What is an effective annual interest rate?
The term “effective annual interest rate” concerns the actual return on the investment, taking into account the effect of the composition of the periodic interest. Effective annual interest rates are only important when considering investment possibilities, which are considered very safe, because the invested principal does not change and growth is mainly due to or only because of the attribution of interest at a predetermined rate. The rates themselves are important for investors who are considering various investment opportunities that have different rules for composing or attributing interest. Another system, which is called a simple interest, does not add interest payments to the director, but usually pay it directly to the account owner. Exceptions to the composition of interest are investing in long -term bonds, most of which pay simple interest and provide periodic interest checks to bond holders, while their account balances remain static.
Consumers buy safe investments whose growth comes from periodic combination of interest payments, should be very effective at an effective annual interest rate, as it is a better real -rate indicator than the annual interest rate statement. In the United States, for example, most of the deposit certificates (CD) of one -year or less interest pay only once, after maturity, unless otherwise stated. However, some CDs and other savings plans calculate the interest gained at the end of each month or quarter.

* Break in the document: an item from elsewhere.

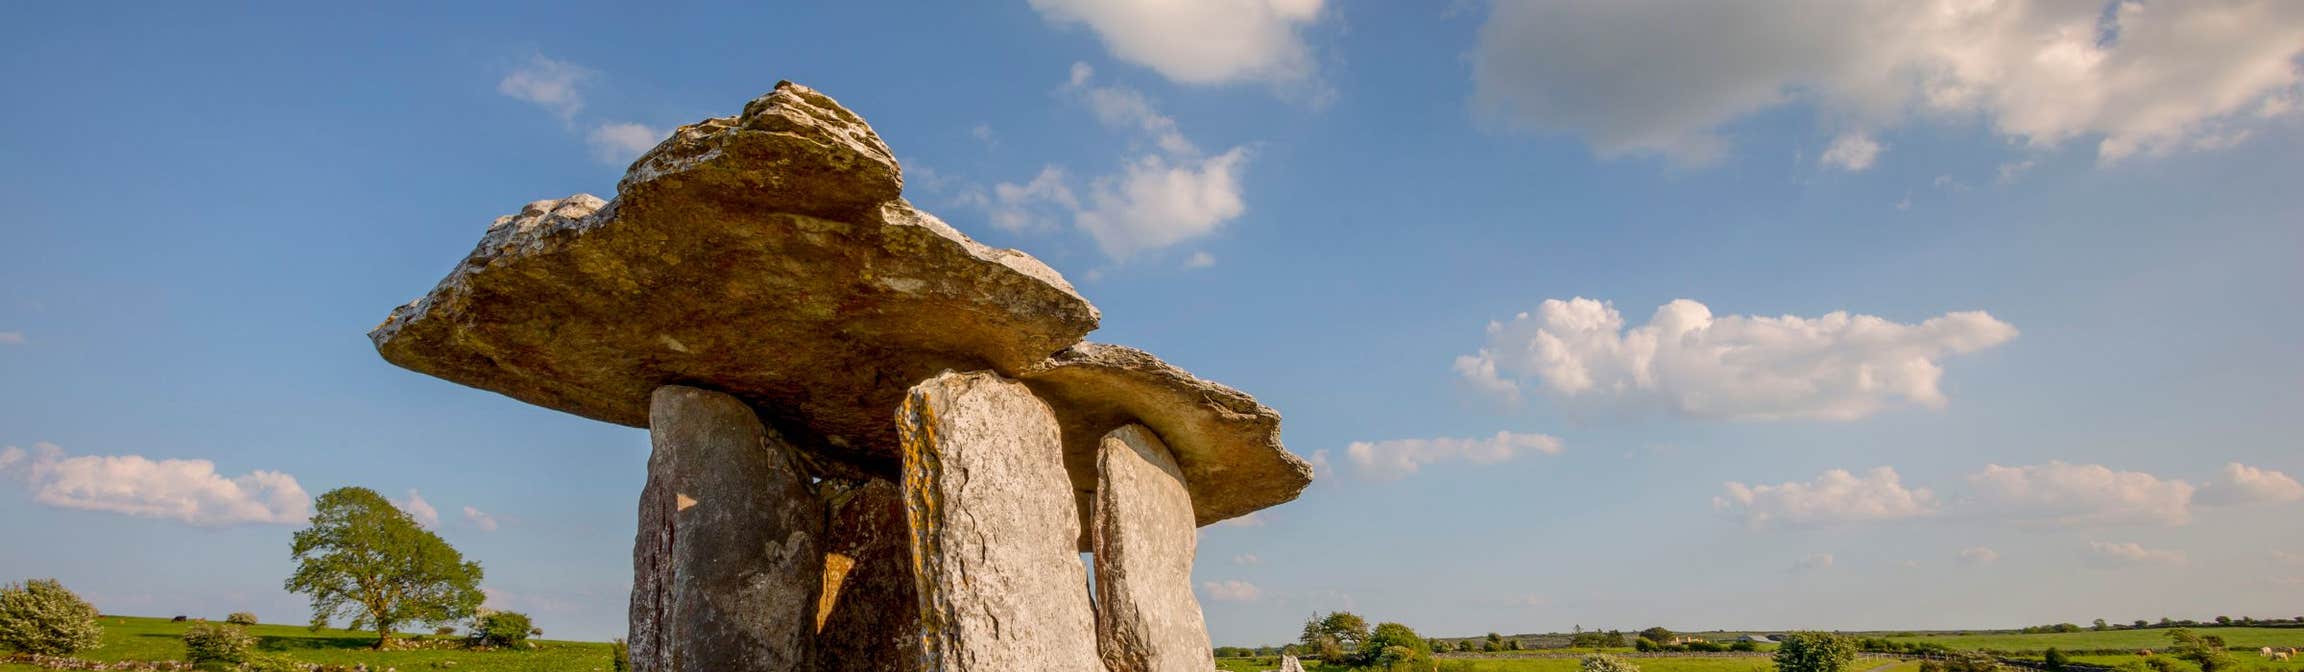 Image of the Burren Poulnabrone Dolmen in County Clare

However, if two annual CDs offered the same interest rate, but one paid it as a simple year at the end of the year and the other complicated and attributed interest per month would be the other better investment, because the interest received after the first month would be calculated not only for principal but also interest.
For example, an annual CD of $ 10,000 (USD), which pays 10% simple interest, receives an interest of $ 1,000 per maturity. The same $ 10,000 invested in the savings account,which pays 10% composed per month, gains interest for a measure of $ 0.833% per month, ie $ 83.33 at the end of the first month, $ 84.03 at the end of the second month and thus at the end of the 12th month, until the end of the 12th month reached $ 1047.13. If $ 10,000 was placed on an account that consists daily, the first day of the day would be $ 2.74 and the total interest of 365 days would be $ 1051.56 for an effective annual intestal rate of $ 10,5156%
Increase the number of periodic interest payments will increase the effective annual interest rate, and therefore this concept is important for investors, especially for those looking for safe, short -term savings products.
Another frequently used term “annual percentage rate” or APR is used to provide debtors to a reference framework for comparing interest rates charged from loans. It is calculated in a different way because in most cases they reduce regular loans payments for a lower loan; Fees and other loan fees may include the calculation.